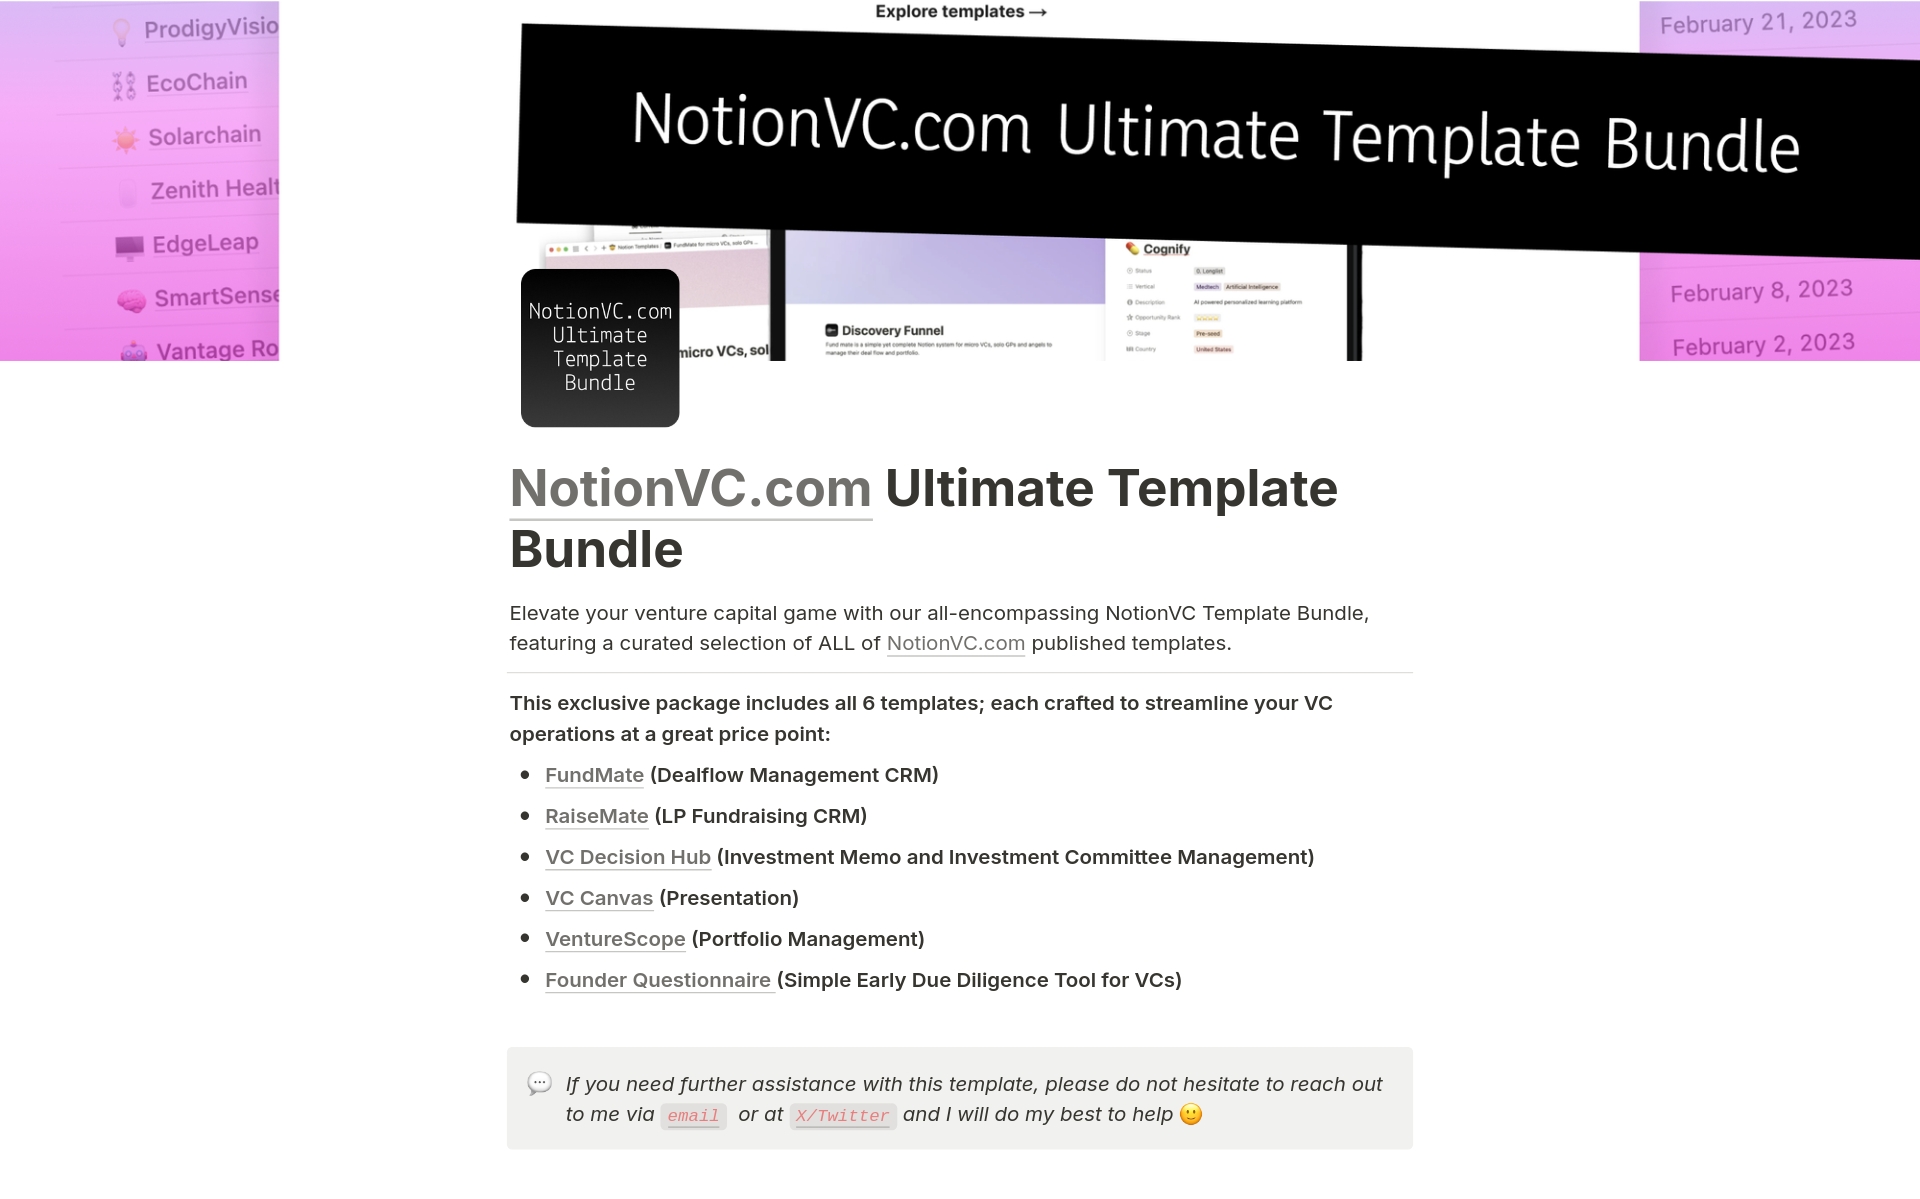 Vista previa de una plantilla para Ultimate Template Bundle for VCs
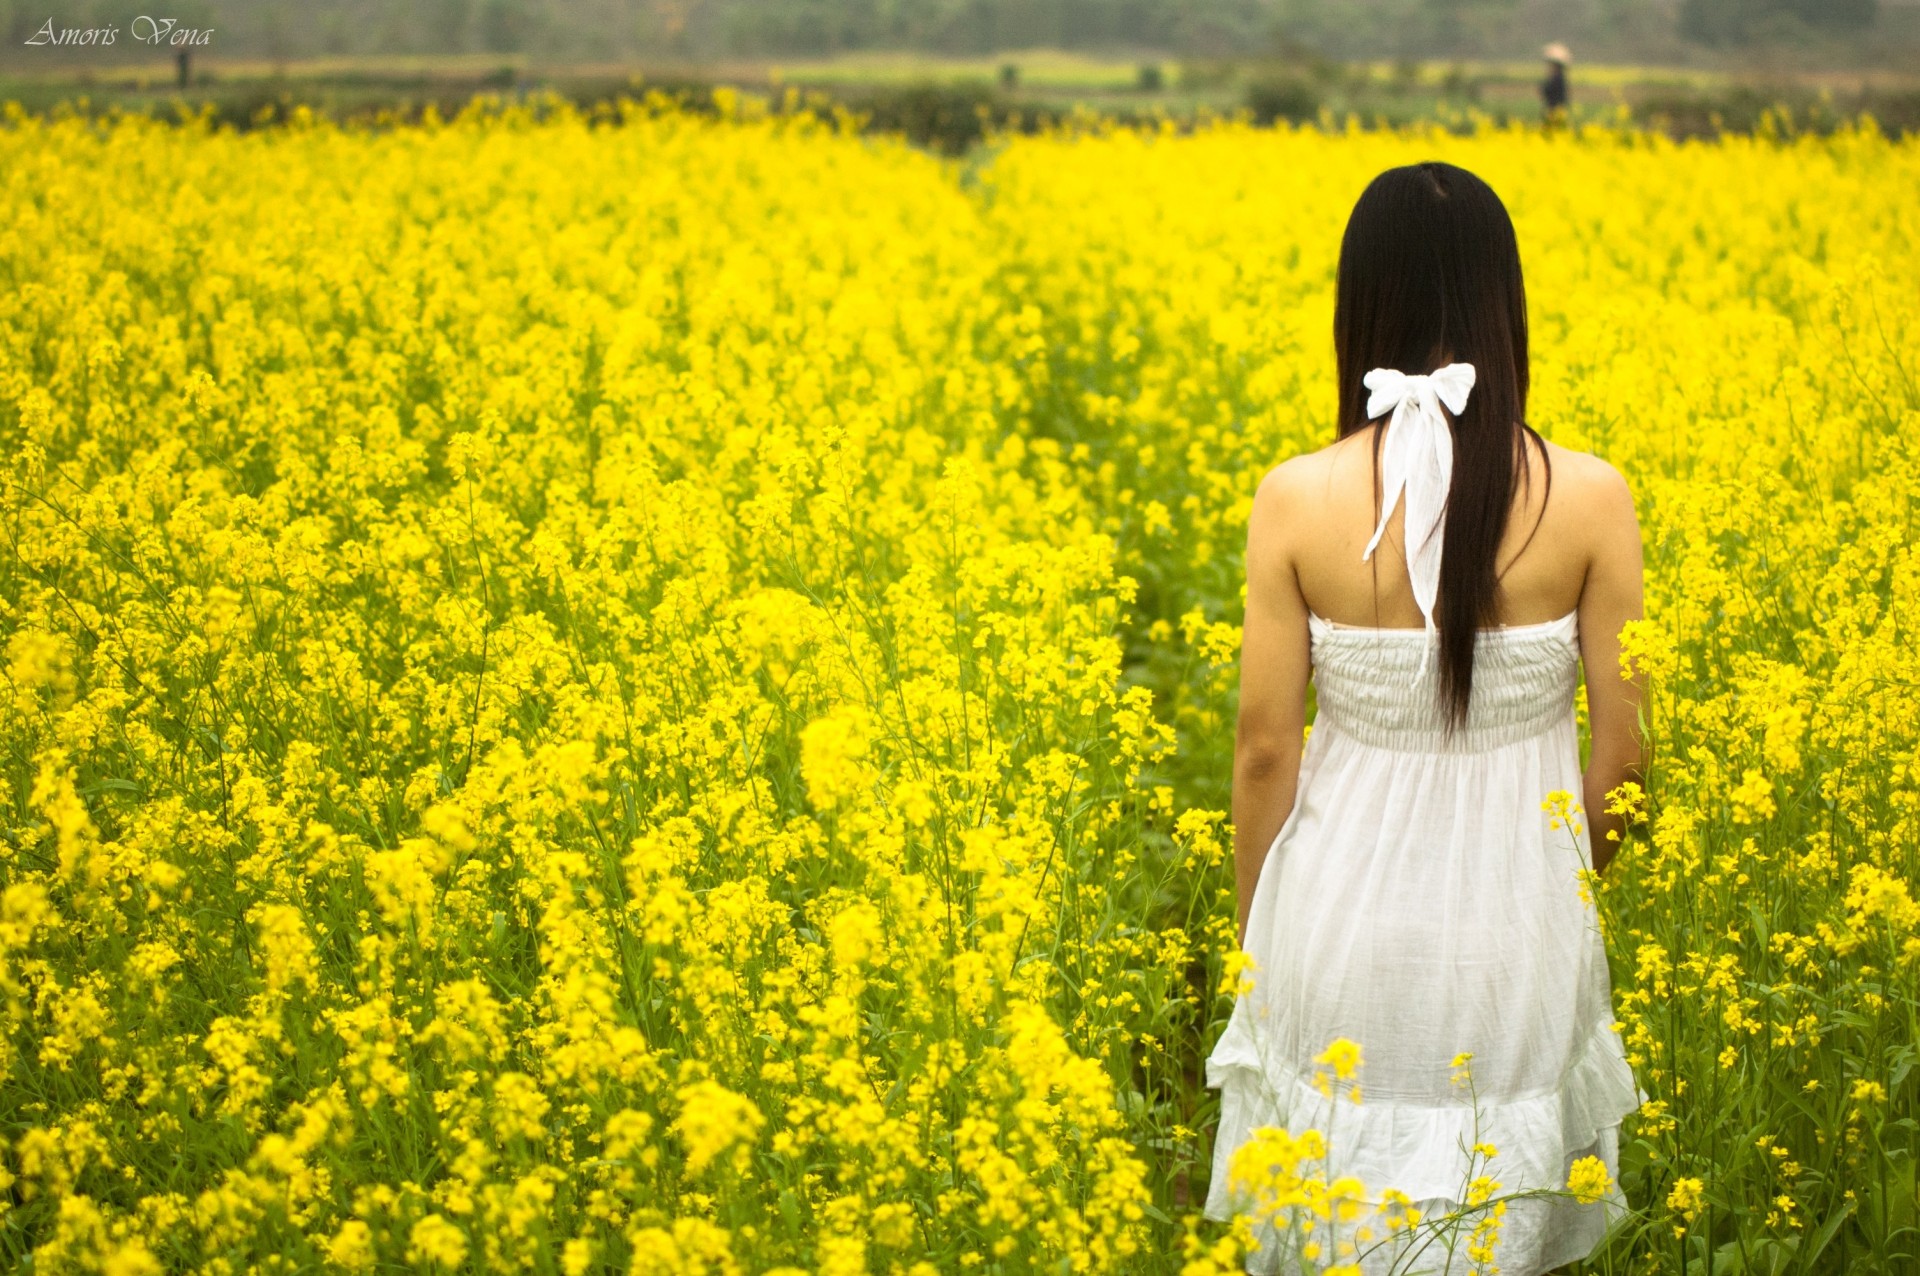 flores pantalla completa pantalla ancha amarillo fondo blanco chica estado de ánimo papel pintado vestir toscana verano sol flor morena campo
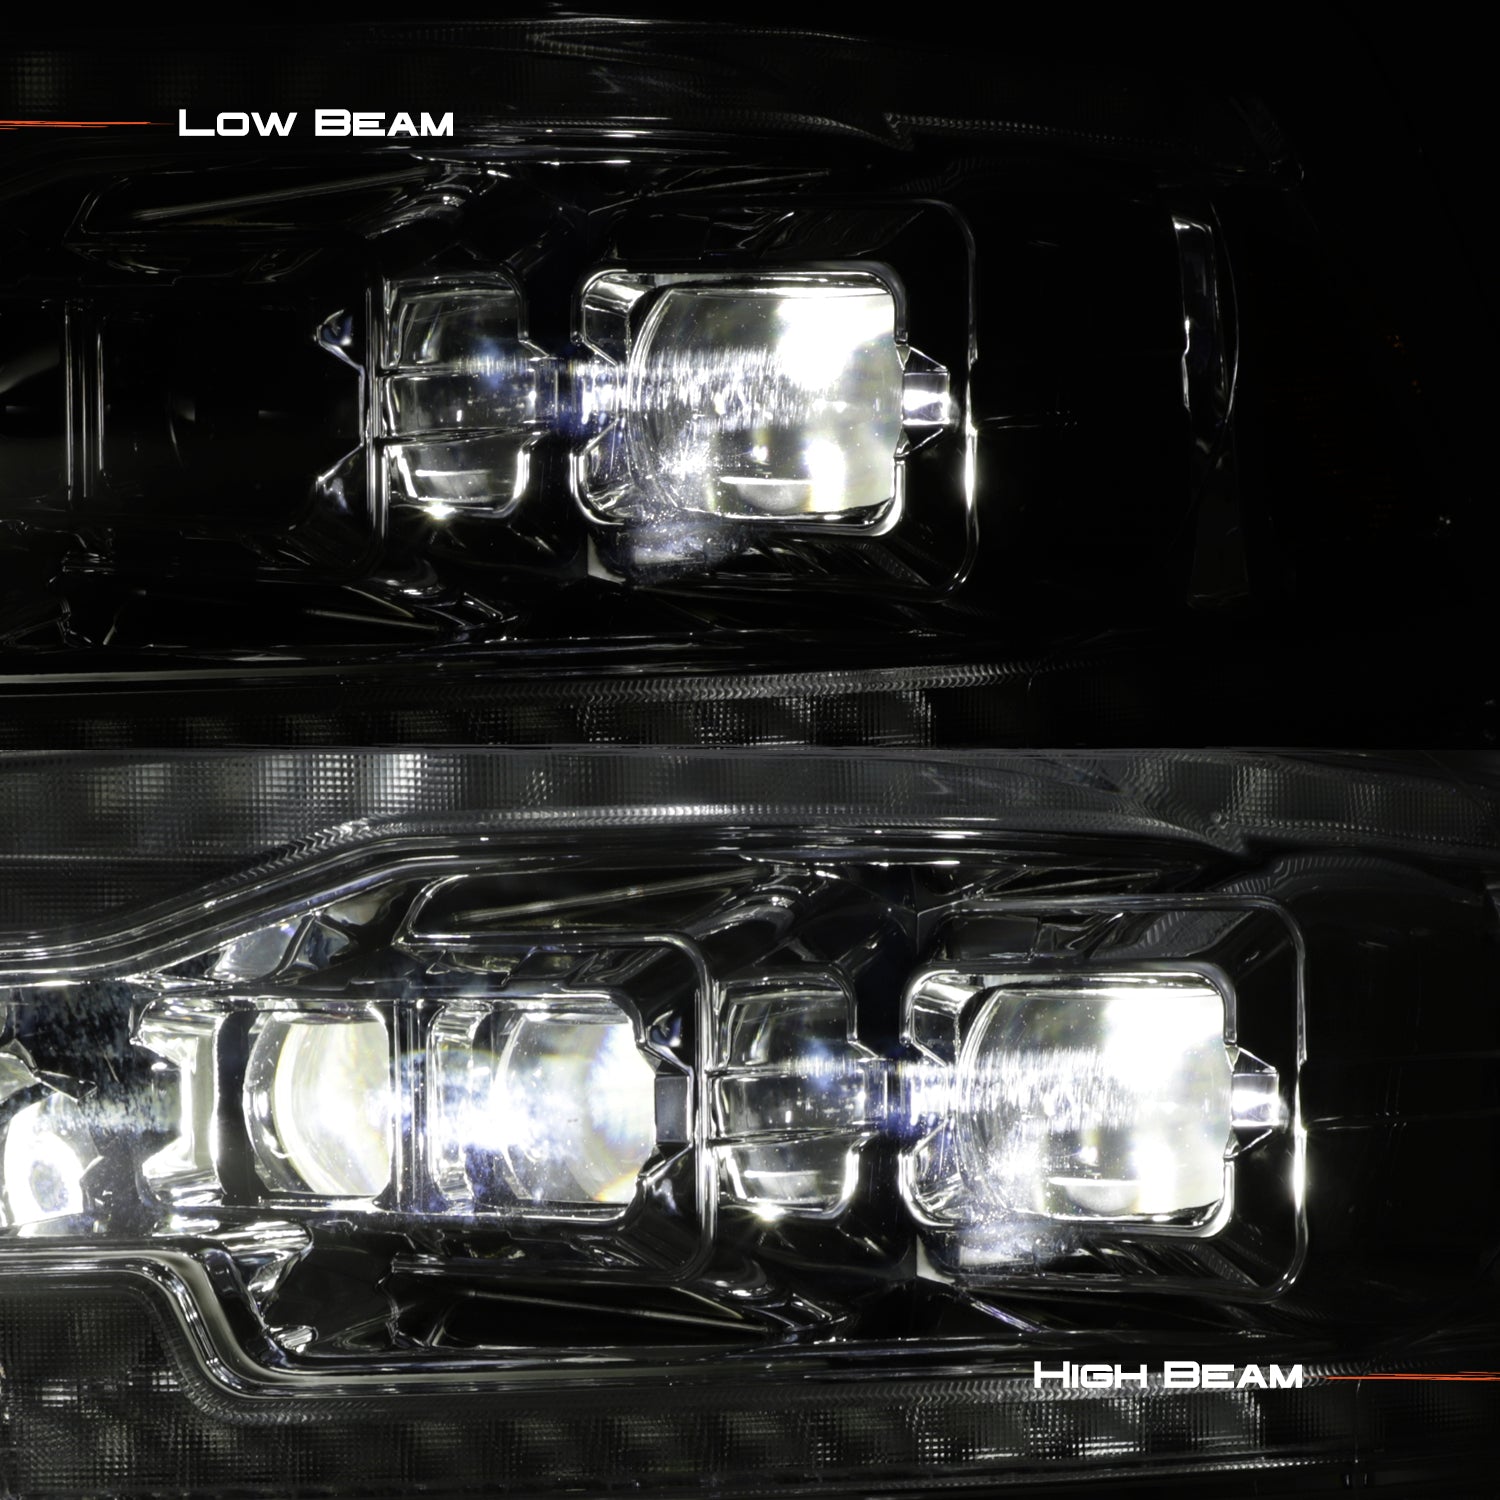 AKKON - [FULL LED High/Low] For 09-18 Dodge Ram 1500 2500 3500 Triple
--------
**Task goal:** Retype the material above exactly, images excluded.

**Answer box:**
 Vista previa de una plantilla para Ultimate Template Bundle for VCs
 flores pantalla completa pantalla ancha amarillo fondo blanco chica estado de ánimo papel pintado vestir toscana verano sol flor morena campo
 AKKON - [FULL LED High/Low] For 09-18 Dodge Ram 1500 2500 3500 Triple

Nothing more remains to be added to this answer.